Targeted Password Guessing Utility: A proof of concept project to better understand basic IR semantics and security.

While taking an information retrieval course in college, we briefly touched on the subject of lexical semantics. Lexical semantics basically boils down to creating a system that assesses the concept of a sentence, document, or other block of information, and compares it to the query that the user has made. During this time I was also taking a computer security course, where password guessing and other forms of malicious account access were discussed. What caught my eye with password guessing was the incredible simplicity of it, as the entire concept of the system is the brute force of an authentication system. While the most simplistic form of password guessing is simply trying passwords until it works, targeted password guessing is slightly more clever.

Targeted password guessing revolves around obtaining as much information about the target (in this case a user’s social media account), and using said data to create a list of passwords that have a higher probability of being correct, compared to the randomized brute force technique. With this idea in mind, I decided to create a proof of concept for an automated targeted password system. This utility uses a basic IR semantic system , paired with a web driver, to automatically scrape data, create a password list, and hopefully input the correctly guessed password on an account. Before I get any farther, I should note that I used this utility only on “dummy” accounts, made especially for this project by friends and family, with no real accounts tied to any real person. Furthermore, I will not be releasing the code for this project, as most of this project could be easily repurposed for less than ethical goals.

For the design of this utility, I created a modular system that consists of 3 discrete steps: (1)scraping the data from a social media site, (2)formatting, creating, and sorting the prospective password list, and finally (3)inputting the prospective passwords to the social media site. This modular system allows me to create new “drivers’’ for different social media sites, while the actual password creation code remains the same. Because I was cocky, I decided the best website to create drivers for would be Facebook. If you’re reading this with any web scraping experience, you’ll know how wrong I was with this choice.
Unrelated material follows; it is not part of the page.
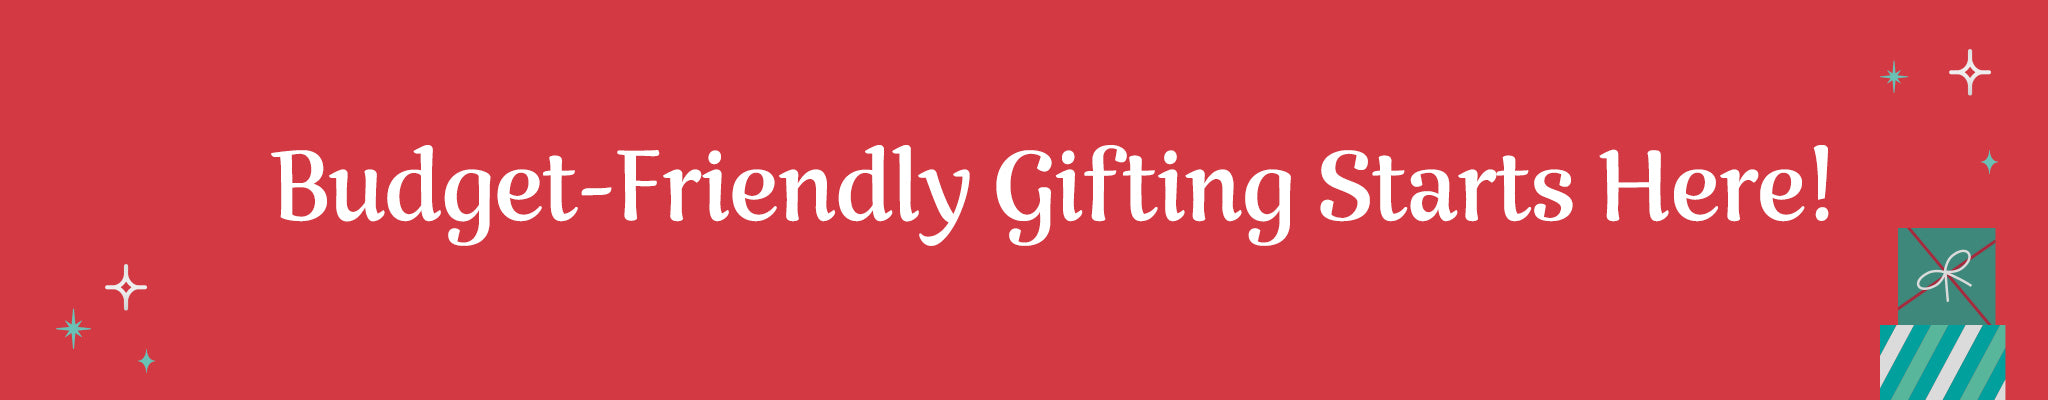 Great gifts on a budget

for the first module, I used Beautiful Soup with Selenium web driver to scrape the facebook page of the target account. This proved to be the hardest step, as facebook stepped up their security after the recent controversies surrounding them. As such, using the normal site proves very hard, as facebook has specifically ensured web scraping bots are sussed out via cursor tracking and a litany of other JavaScript libraries focusing on surveillance. Because of this system, I decided to use the old Facebook website, which is relegated to mobile and uses PHP in lieu of Javascript. Since many of the libraries facebook uses to track input is not ported to PHP, or not possible to port, bot checking is a non issue. What became an issue was the incredible spaghetti code that makes up the mobile version of the facebook website. Divs on top of divs with no real naming scheme that I could see became the norm, and most of my time on this project was spent trying to figure out if there was any form of static convention that I could latch onto to make my utility. Finally, after a large amount of time trying to find a reliable pattern to point beautiful soup and selenium at, I found the basis for the mobile pages. If there is any interest in this subject, I can write a different post just on the basics of the mobile facebook webpage system, but doing it here would be too much inside baseball for a project overview.

The next step is password creation. Now that we have a large list of posts from the target account, we need to figure out what they post about most, and what they seem to focus their account on. While most younger users do not focus their accounts on singular interests, many older users do, which shows us they may have also focused their passwords on their interest as well. We can find these singular interests easily by employing different semantics libraries available for python. For this project, I chose to use NLTK and Spacy, for basic utilities and semantics comparisons respectively. I first feed each post as a string into an array for the upcoming comparison. After this basic formatting is done, I compare each post to every other post in the user’s history and record the semantic similarity score on a scale from 0 to 1. I then average these scores together, to get a final score for the post, which then is used to determine how “on brand” the post was for the user. The posts are then sorted by this average value, with the highest at the start and the lowest at the end. Finally the sentences are tokenized, the stopwords(things like “the”, “a”,“is”, “are” ) are removed, and the remaining tokenized words are added into a list based on the sentence they belonged to. As these sentence operations are happening, a few auxiliary lists are being formed, such as common numbers to append onto passwords, as well as a list of the most common passwords. After these lists are created, the user is asked whether they know the targets birth year, in which case the user can enter it in and it will be appended onto the popular number list. Now that the lists are complete, we then start creating the password list. Each word is then run through a list of different modifications, including multi word appending, number appending, common letter to symbol replacement, symbol appending, and any combination of these modifications. As you can imagine, this list becomes very long in a very short amount of time, but it is still MUCH shorter than a brute force password list. Once this list of possible passwords is created, it is outputted to a .txt file for use in the final module.

The final step is attempting to input the passwords. I say attempt because even facebook’s mobile site still tracks login attempts, and can kill even the best password guessing systems due to excessive attempts.Because of this, I was never fully successful in logging into a target facebook account. However I still made a selenium webdriver system to attempt. It consists of a basic route to the facebook mobile page, waiting for a random amount of seconds(so as to not trigger any time based safeguards), an automatic entering of the target email, then entering of one of the many created passwords. While I was never successful with logging into a target account within facebooks limited login attempts, I asked the people who created these accounts what the passwords for each account were, and was surprised to find 6 out of 8 accounts had their passwords created by the Utility, and that they were in the upper half of the list, with most of the successful guesses found near the top quarter. So while this project is counted as a failure on facebook, I am interested in making drivers for other, less secure websites to see whether my utility can log in successfully.

Language: Python

Libraries/Frameworks of note used: Selenium, NLTK, Spacy